Whispers on the Wind

Chelmsford, Essex 1766

There were two kinds of pox. One that snuck up and took you quick and one that let you linger on the brink as if Death was unable to make up its mind. I was unlucky enough to catch the latter.

I never considered myself a great beauty before the pox but I now know that I was. Oh, not because any of my features were remarkable, not that my nose was considered slim and elegant, my chin dainty, my cheek softly curving. No, there were plenty of other girls in the town to claim those titles. My beauty, what I had of it, lay in clear, unblemished skin.

The elders had said we were overdue for the pox that spring but no one took much notice of them.
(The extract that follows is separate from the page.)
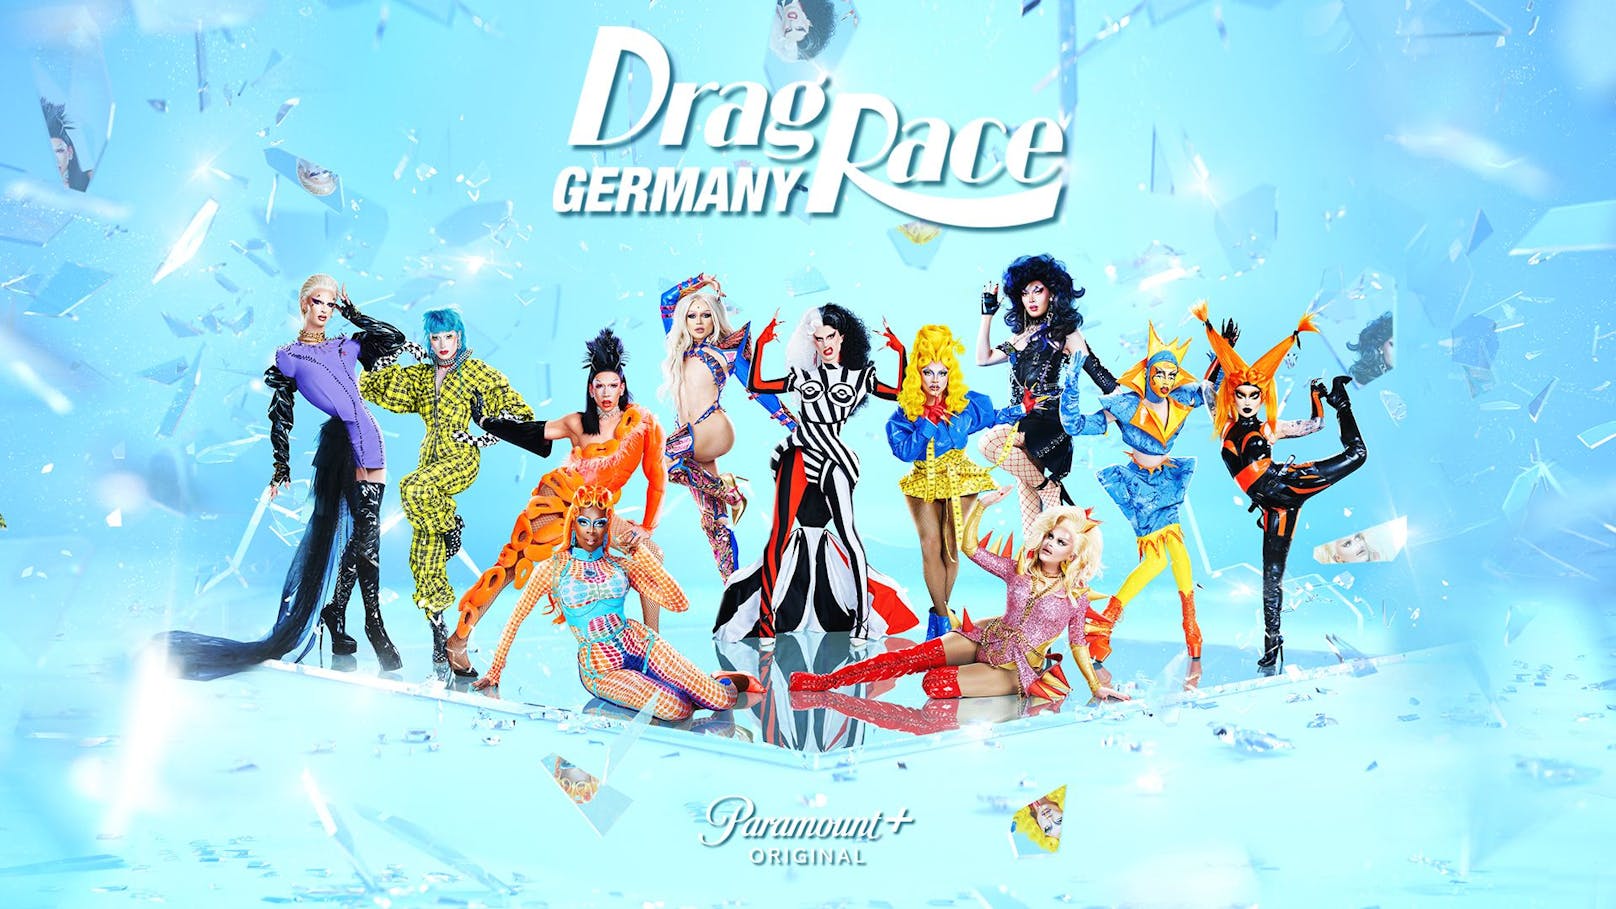 Elf Queens treten bei "Drag Race Germany" an – zwei davon aus Österreich.

The last severe outbreak had been over ten years ago, but the memory of those emotionally shattering days were still fresh in older minds. Now, as the days started growing longer and the air turned cool and dry, their talk turned fearful again.

Even I had overheard two men talking in Creeksea Pub when I went to give the landlady, Mary Lukely, fresh eggs from our best layer. They didn't see me, tucked away in the corner as they were, talking in hushed whispers. But when Mary failed to make an appearance straight away, my curiosity got the best of me and I sidled round the corner of the darkened bar to get closer.

At first I wasn't sure what they were talking about, then I knew. It was the way they said 'it', as if the very mention of the word would bring 'its' terrible presence.

“It took my youngest daughter”, said the younger, stroking his beard thoughtfully, “Such a wee bub she were, still in her cradle. One day she were there and the next she was in the ground. Only four days unwell.” The elder murmured words of consolation.

"I rem'ber it were dry days like this when 'it' came”. He shuddered, took a suck of beer as if to erase the memory, and leaned in towards the other. “They buried them at night, so Old Charlie said, no one would go near 'em. Said he had to get himself well primed”.

The other chuckled and their mood grew lighter thinking of Old Charlie. Old Charlie was the local gravedigger, and I should imagine he'd consider a midnight burial the perfect excuse to chug down a few beers.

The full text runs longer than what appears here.